» **REQUIREMENT**: Please write out exactly the lines from the opening of the listing through the line that holds "Ours noir américain", including both, and nothing else; no pictures.

Segment Start: DATA SHOWN

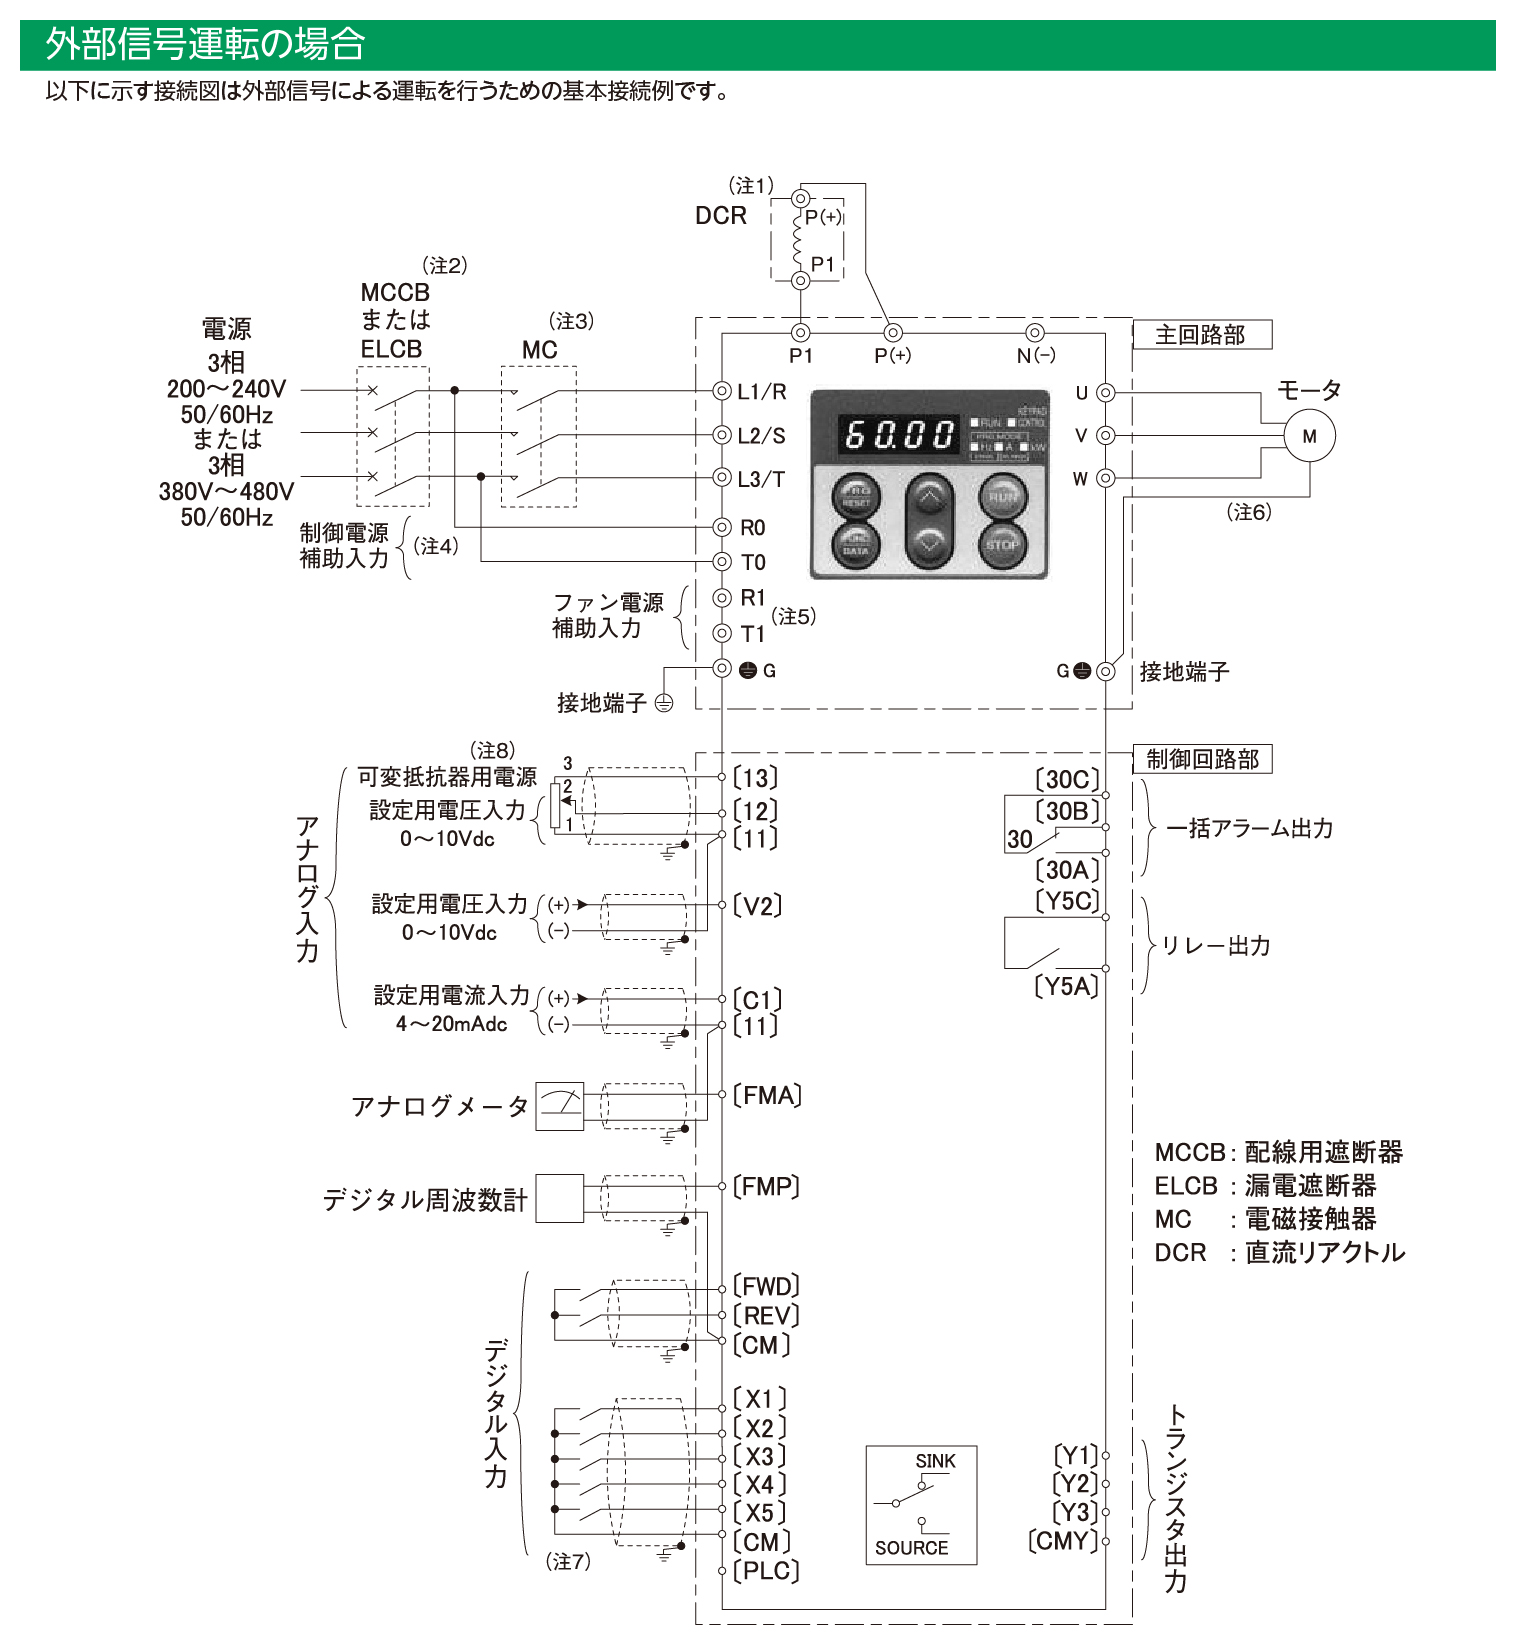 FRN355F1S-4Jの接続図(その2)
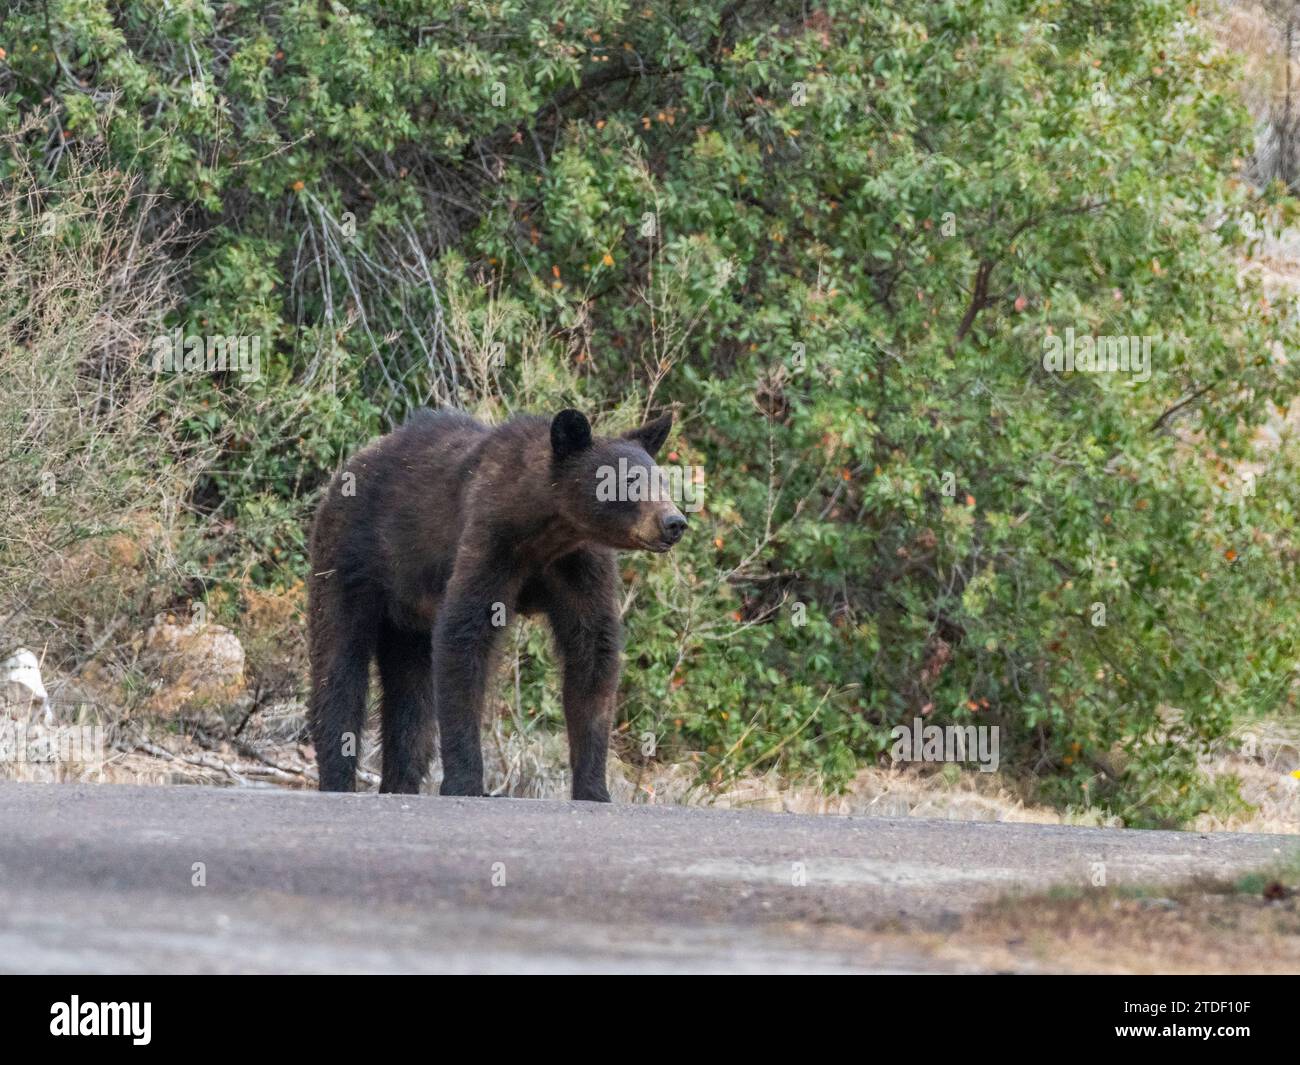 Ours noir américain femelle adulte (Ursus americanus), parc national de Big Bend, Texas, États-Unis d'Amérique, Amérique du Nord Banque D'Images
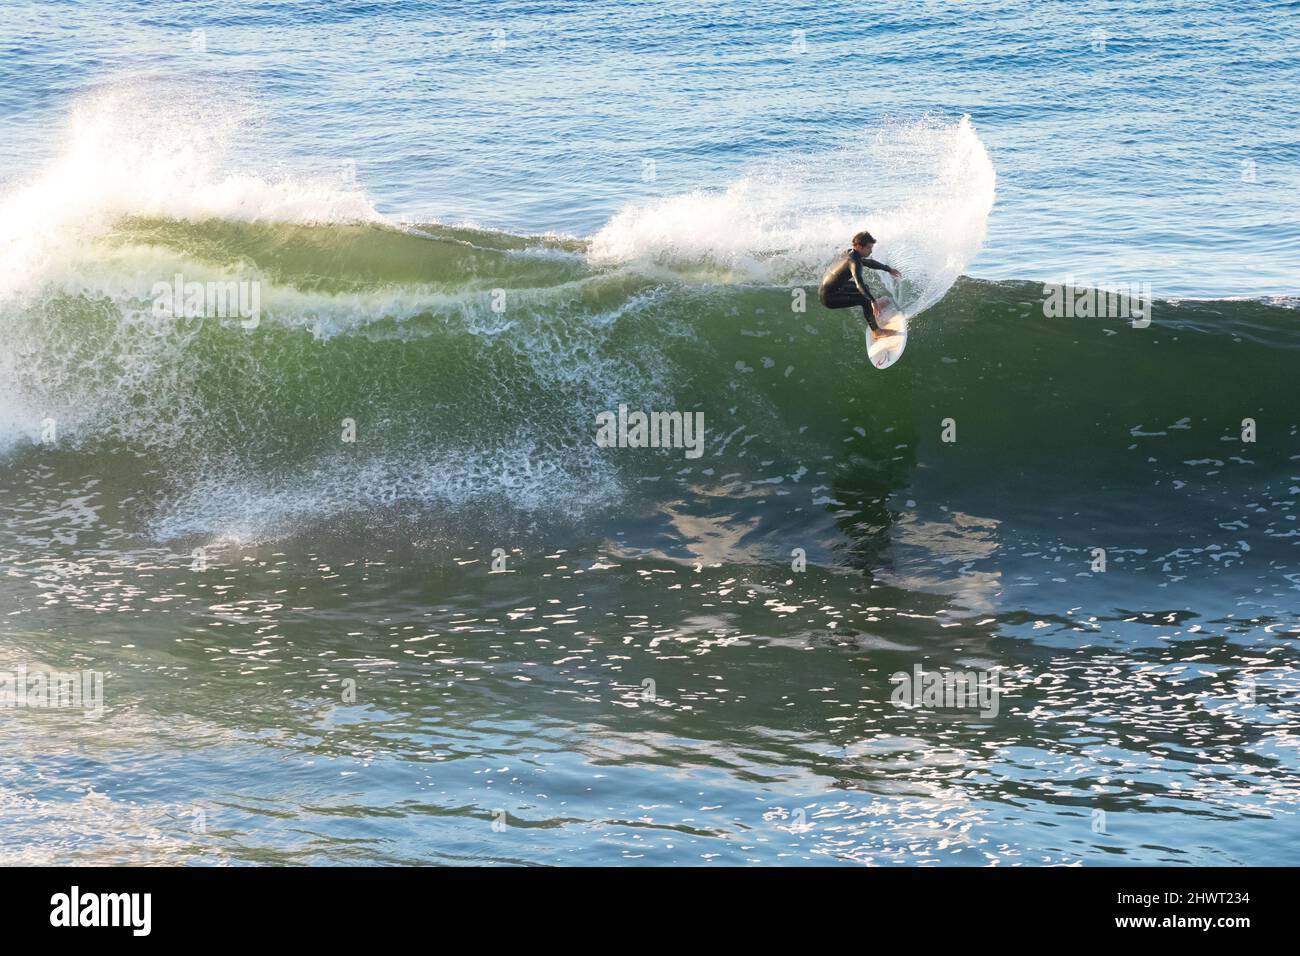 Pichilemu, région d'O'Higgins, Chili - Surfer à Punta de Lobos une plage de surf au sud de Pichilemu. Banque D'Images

Segment End: DATA SHOWN

» **ANSWER FOR THE TASK**:
 FRN355F1S-4Jの接続図(その2)
 Ours noir américain femelle adulte (Ursus americanus), parc national de Big Bend, Texas, États-Unis d'Amérique, Amérique du Nord Banque D'Images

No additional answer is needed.